Patients in the TEA group received an epidural continuous infusion of ropivacaine 0.2% combined with sufentanil (1 or 0.5 µg ml–1 if age was over 70 yr). An infusion started 1 h before the end of surgery at a rate of 6 ml h–1, and was adjusted thereafter according to the visual analogue scale (VAS). In the recovery room, i.v. PCA patients received an initial i.v. bolus administration of morphine (3-mg doses every 5 min) titrated by a nurse until VAS was lower than 40 mm. At this time, a PCA pump (Abbott Pain Manager®, Abbott Laboratories, North Chicago, IL, USA) was connected using a 1.5 mg bolus and a 5 min lockout period. If pain control was considered insufficient (i.e. VAS greater than 40 mm) analgesia rescue doses were given and repeated until efficient analgesia was achieved. In the i.v.

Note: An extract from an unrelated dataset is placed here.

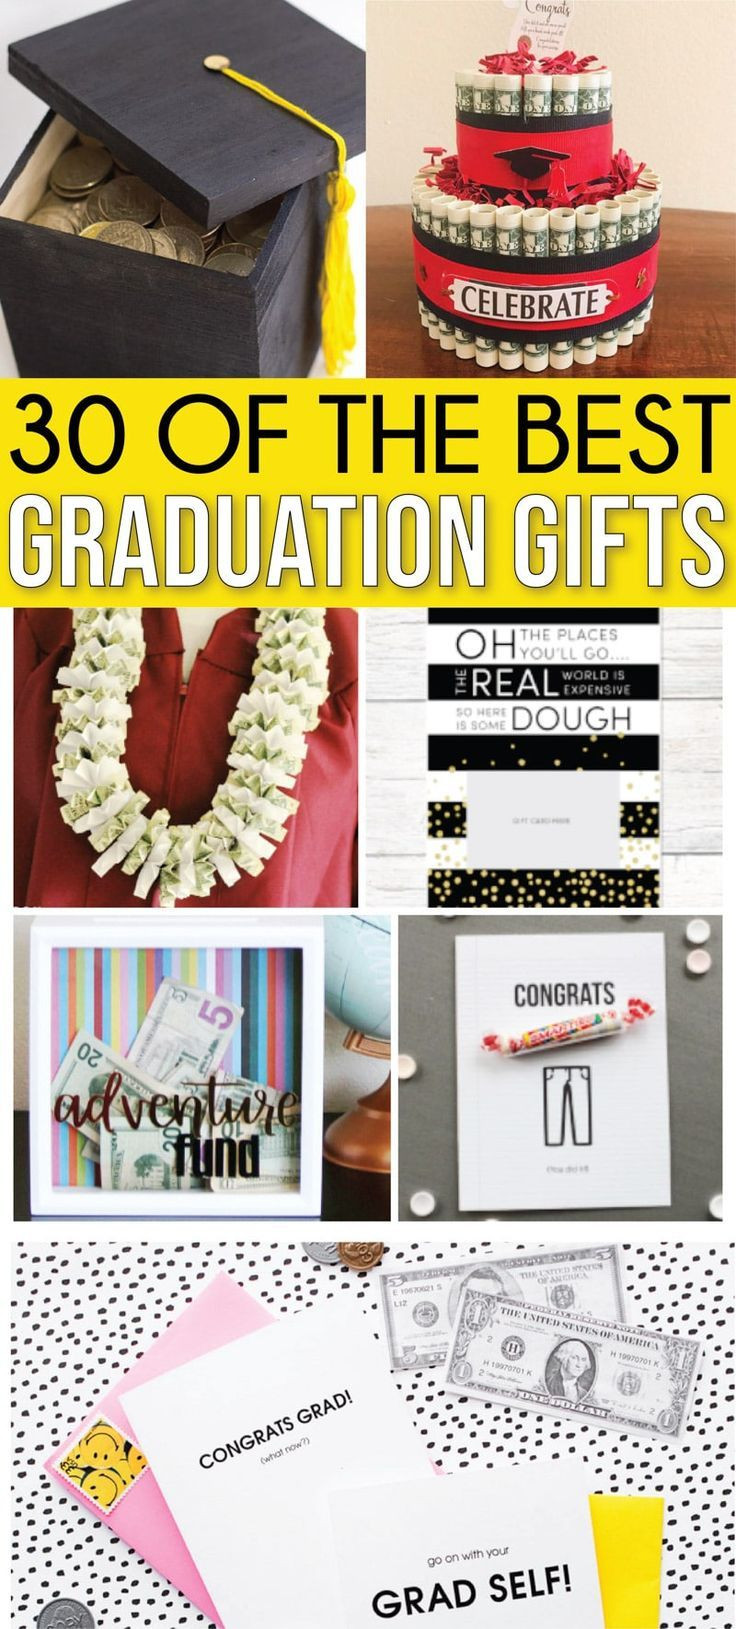 Personalized College Graduation Gift Ideas
 30 Graduation Gifts Graduates Actually Want

PCA group, patients received a supplemental morphine 3 mg bolus every 5 min and in the TEA group, patients were given a supplemental bolus of ropivacaine 6 ml and continuous infusion was increased by steps of 2 ml h–1 every 30 min if needed. Patient monitoring and treatment of hypotension, nausea, vomiting, and pruritus were standardized. In case of hypotension (defined as systolic arterial pressure lower than 90 or 100 mm Hg in patients with arterial hypertension history), patients were given boluses of ephedrine from 3 to 30 mg titrated to achieve values over 100 mm Hg. For nausea, droperidol 2.5 mg was given i.v. every 4 h as needed, followed by ondansetron 4 mg if control was insufficient or if vomiting occurred. For itching, propofol 10–20 mg was given i.v. every 6 h as needed. All patients received propacetamol 2 g, an injectable acetaminophen prodrug, every 6 h, and 300 mg per 24 h continuous infusion of ketoprofen for 3 days. Patients were encouraged to use the PCA as often as needed and before physiotherapy.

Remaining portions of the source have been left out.